The soldiers may have symptoms that range from mistrust, sleeplessness, anger and addictions, as well as loss of sensuality and sexual drive. Their spouses, trying to cope with the stranger who came home to them, also suffer anxiety, depression, social withdrawal and sleep problems. Those are only some of the symptoms.
“I… feel I am walking on eggshells, saying what he wants to hear,” said one woman. “There are some times now when I feel a little afraid. During those instances, I just leave the room and walk away.”
She was one of the subjects in a study of PTSD wives conducted by Holly Beth McLean for a PhD in counselling psychology at the University of British Columbia.
“Joe was taught as a soldier to show no signs of weakness and to react to things that are threatening with maximum violence, maximum aggression,” said another. “I wasn’t getting that full force, but it was there, just barely under the surface, and it really scared me.”
Not all PTSD wives feel that kind of fear. Jane, the wife of a major who did three peacekeeping tours in violent war zones, said that she and her husband have never suffered any alienation from each other as a result of his psychological symptoms.
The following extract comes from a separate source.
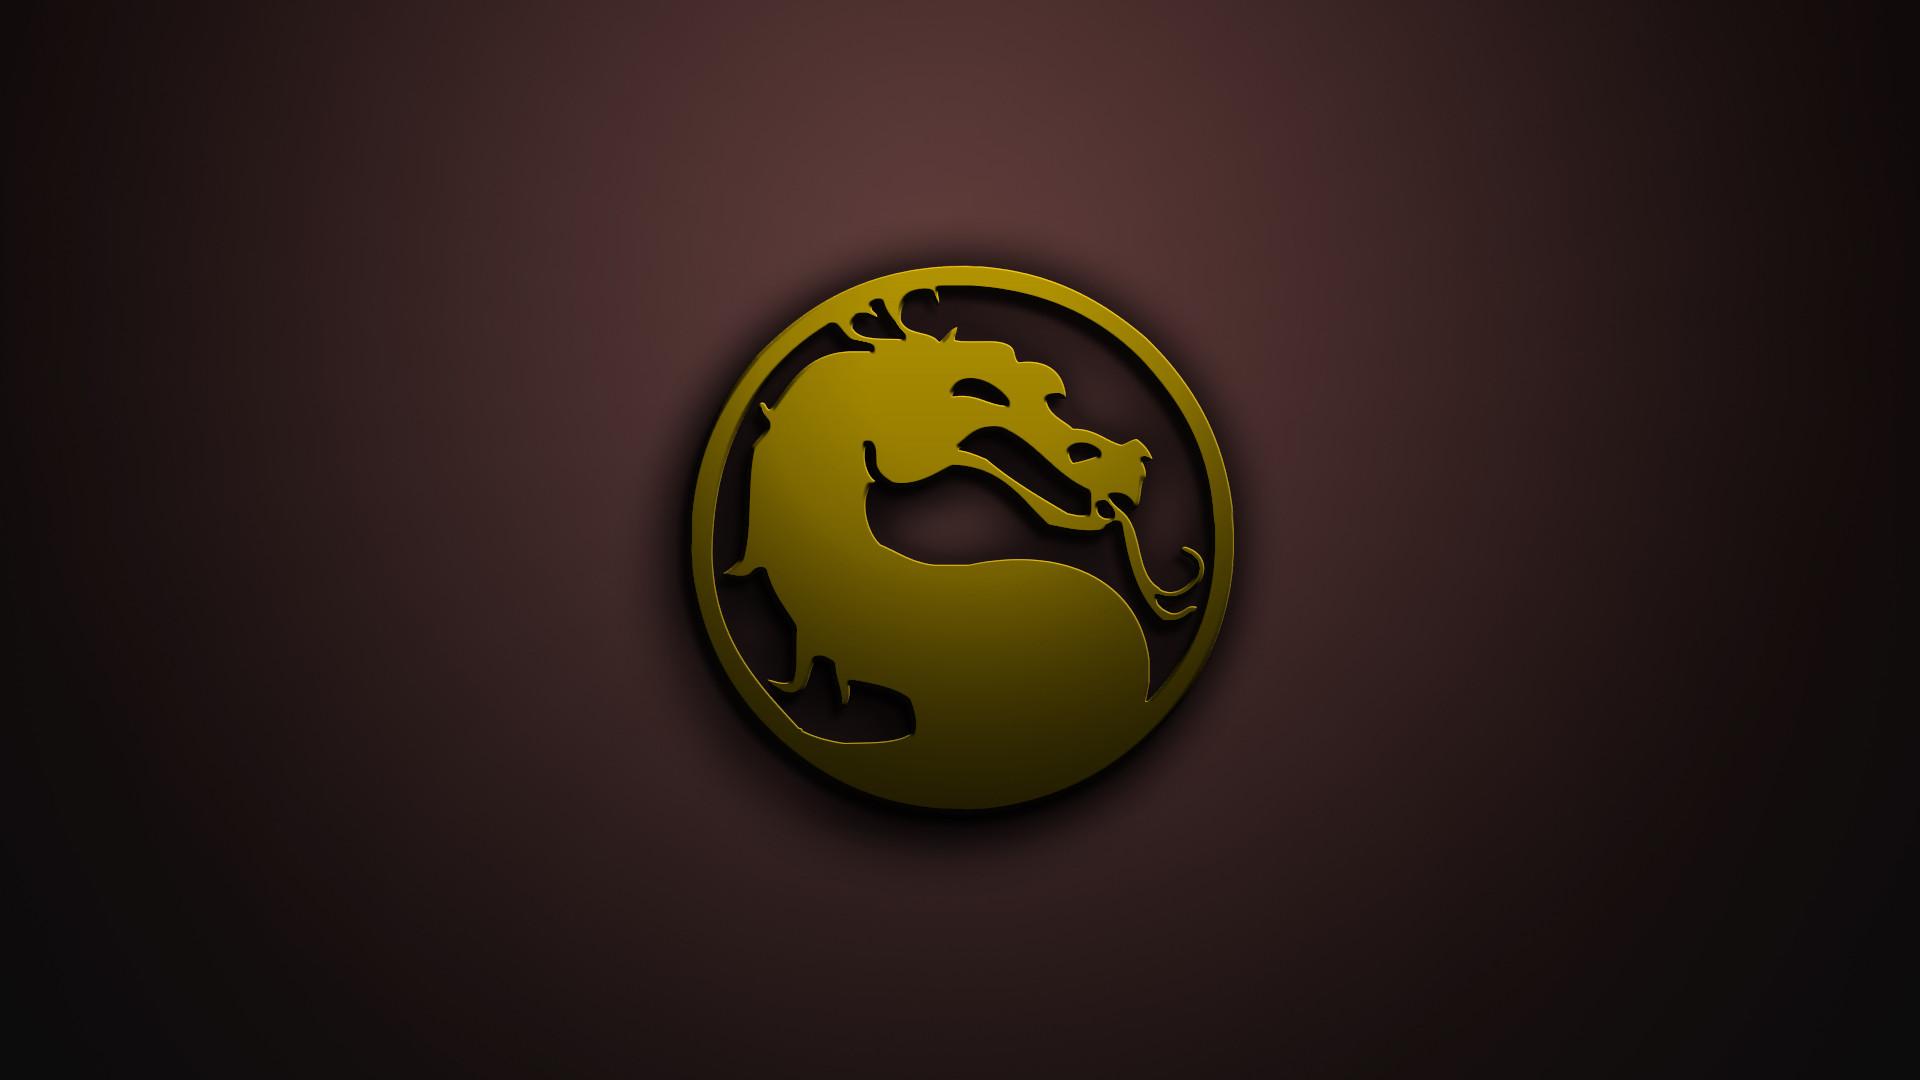 Free Download Mortal Kombat Logo 1920x1080 For Your Desktop

In an interview at their sunny, pleasant home, he called her “my best friend,” and said that without her, “I wouldn’t be here.”
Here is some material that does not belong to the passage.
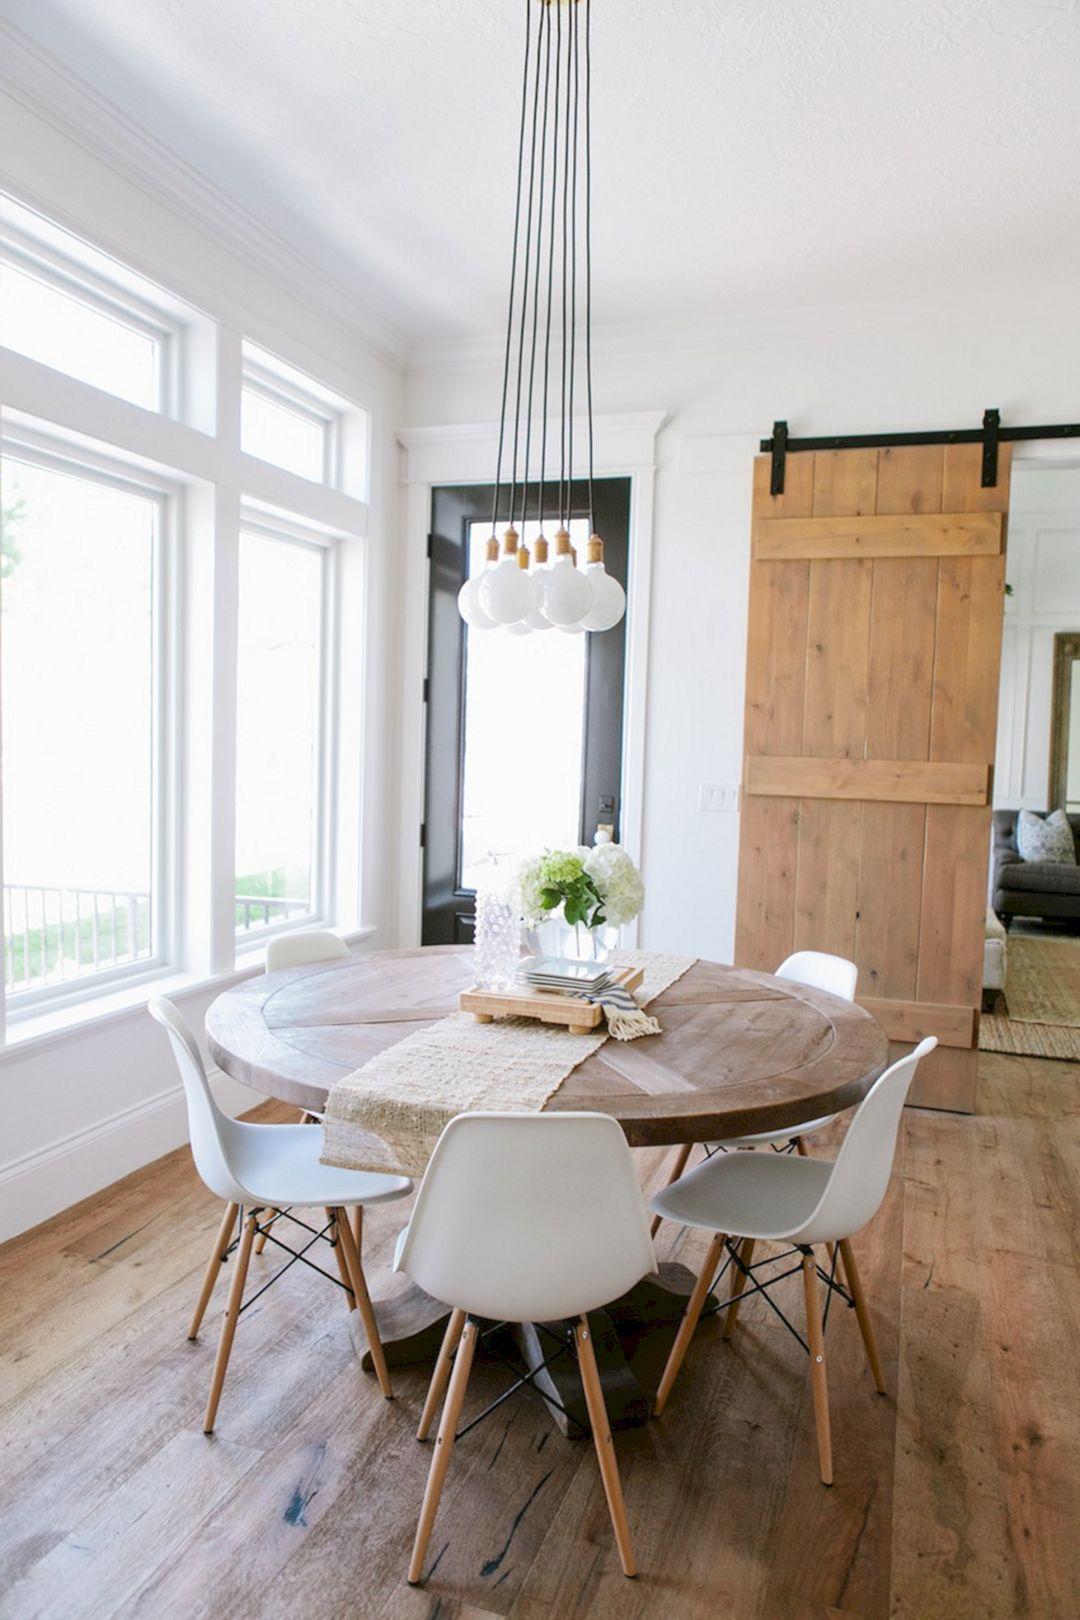 75 Simple And Minimalist Dining Table Decor Ideas Apartment

That’s not to say they have it easy. A retired major, her husband has been diagnosed with PTSD, although he doesn’t accept the diagnosis. He does have many of the symptoms, though, including trouble sleeping. He’s jumpy, they both agree. He’s deeply depressed. He has sought treatment for depression and anxiety, including electric shock therapy.
For a time he had such problems with his memory that he had to take a cellphone when he left the house—he got lost, even in the small central Ontario city where he lives. Jane goes with him to every medical appointment to fill in the holes in his memory.
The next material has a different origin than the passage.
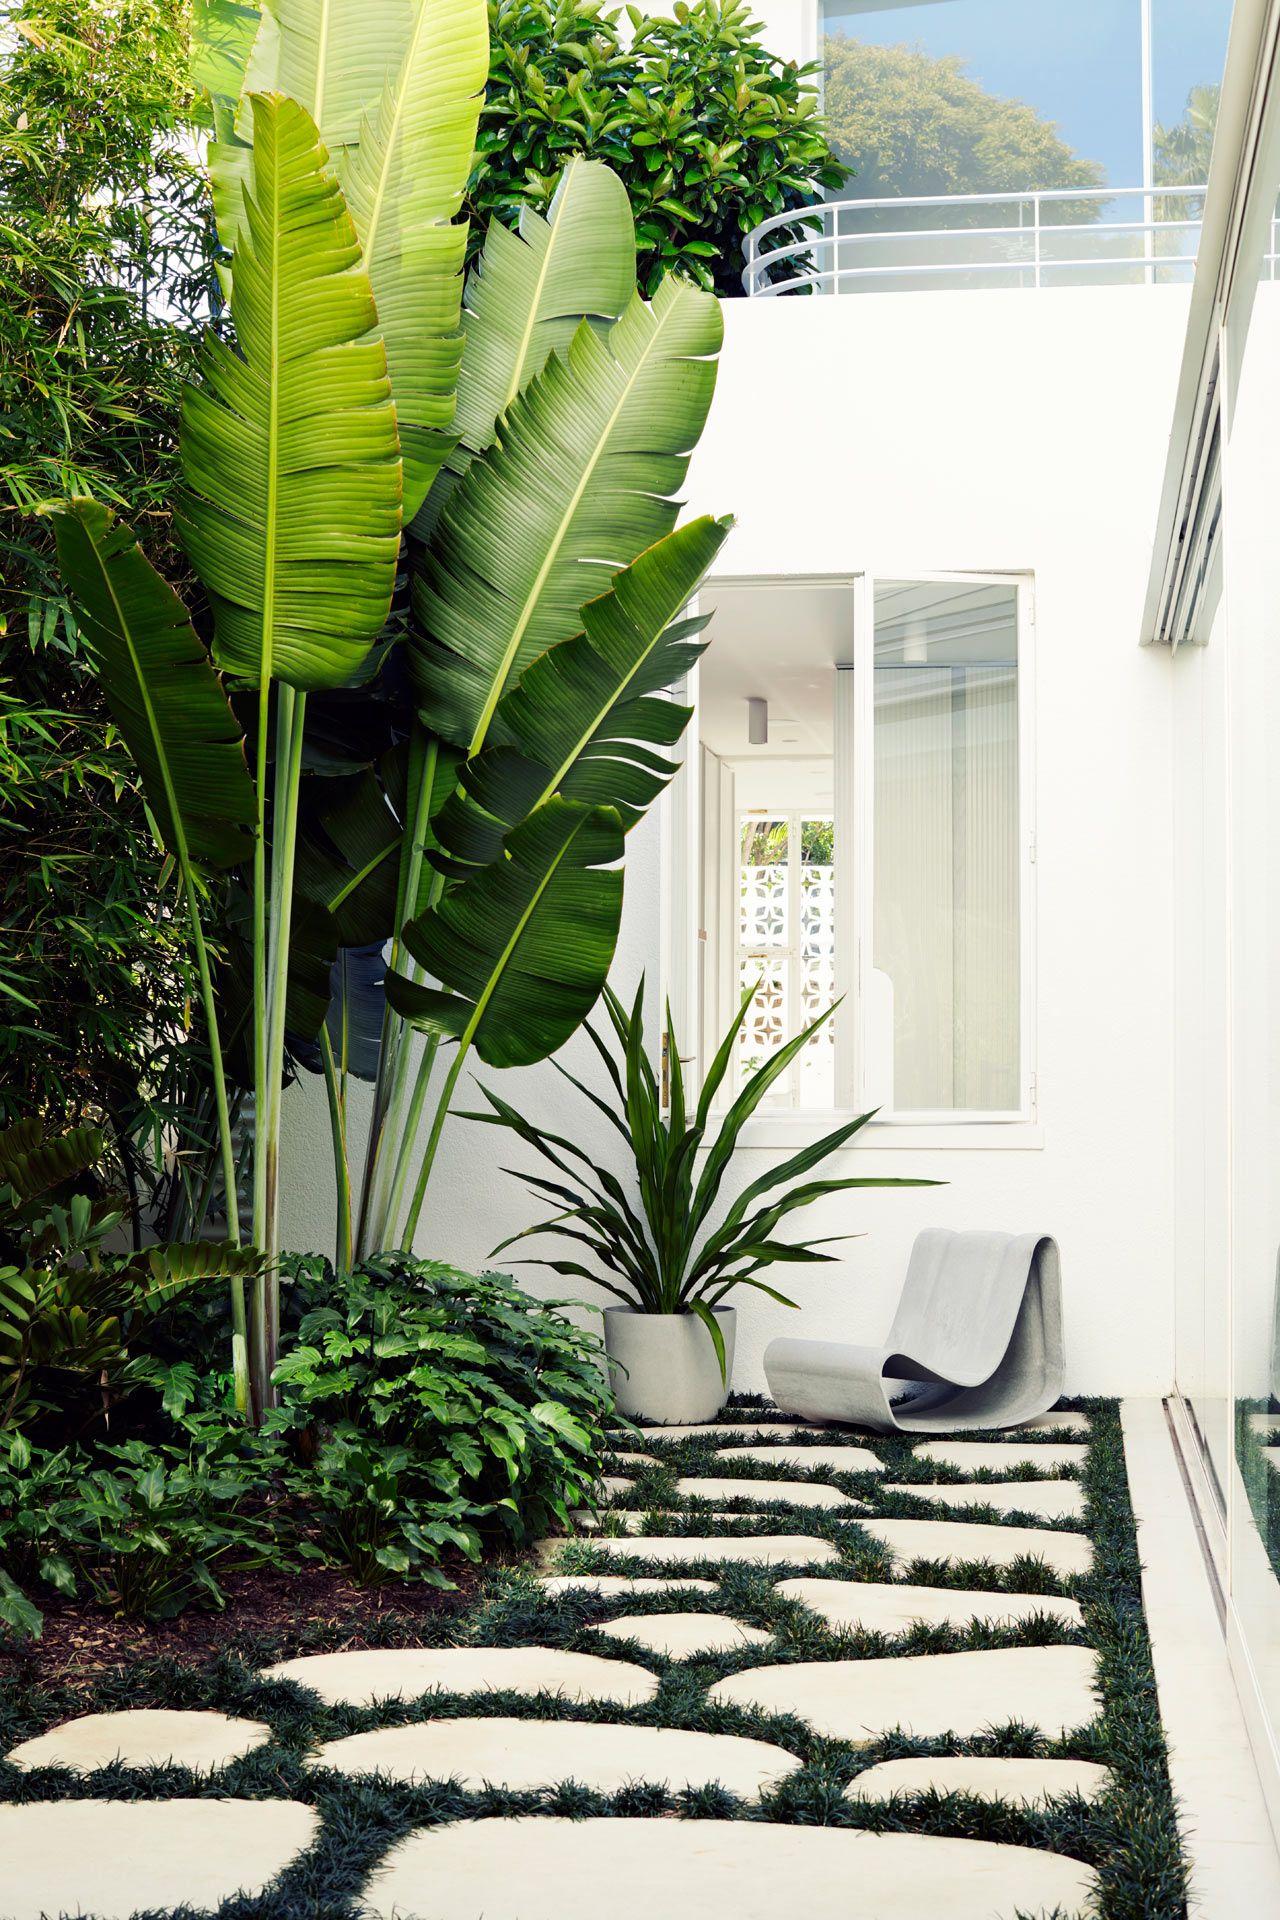 Sculptural Outdoor Furniture and Accessories by Swisspearl #garden

“It’s been a long haul,” she said.
Children, too, suffer when a parent has PTSD. Attention has been focused on the symptoms children exhibit while a parent is away on duty. They have nightmares and anxiety about the parent’s safety.
But living with PTSD once the soldier is home presents its own challenges, as the Mood Disorders Society of Canada made clear in a report this year to the Government of Canada, quoting Deborah Harrison, a sociology professor at the University of New Brunswick.
“It changes their life and it completely changes the situation at home,” she said. “It’s a crisis like any other kind of major illness or violence in the home.”
One veteran with PTSD who took part in a study with the University of Western Ontario said he recognized the degree to which his condition affected his children.
“It really had a profound effect on my oldest son because… the relationship with him changed. He has a lot of anger and hurt. He was basically abandoned… unable to understand why I have these mood swings and anger.”
Even in families where violent behaviour or addictions are not an issue, a spouse may be left doing all of the family work, as well as working outside the home, in order to keep the family functioning.
“My job now is very well suited to my situation because I have alternate weeks working and being off and I can do my job and be at home more,” one woman told McLean. “I am home every day to get the kids ready in the morning for school. All Luke has to do is put them in the truck and take them to school. And I am home every day for lunch and I am home right after five. I am home to take care of everything at lunch, make sure everybody eats and everything is taken care of and go back to work and come back home… so I got very, very lucky to get this job.”
Even in these difficult stories there is a ray of light. All of the women in McLean’s study report strong memories of the life-loving, funny and healthy men they sent off to duty and all of them, in spite of the stresses they described, remained loyal to their husbands and stayed married. In the UWO study, only one of 10 Canadian peacekeepers who took part had experienced a separation and divorce.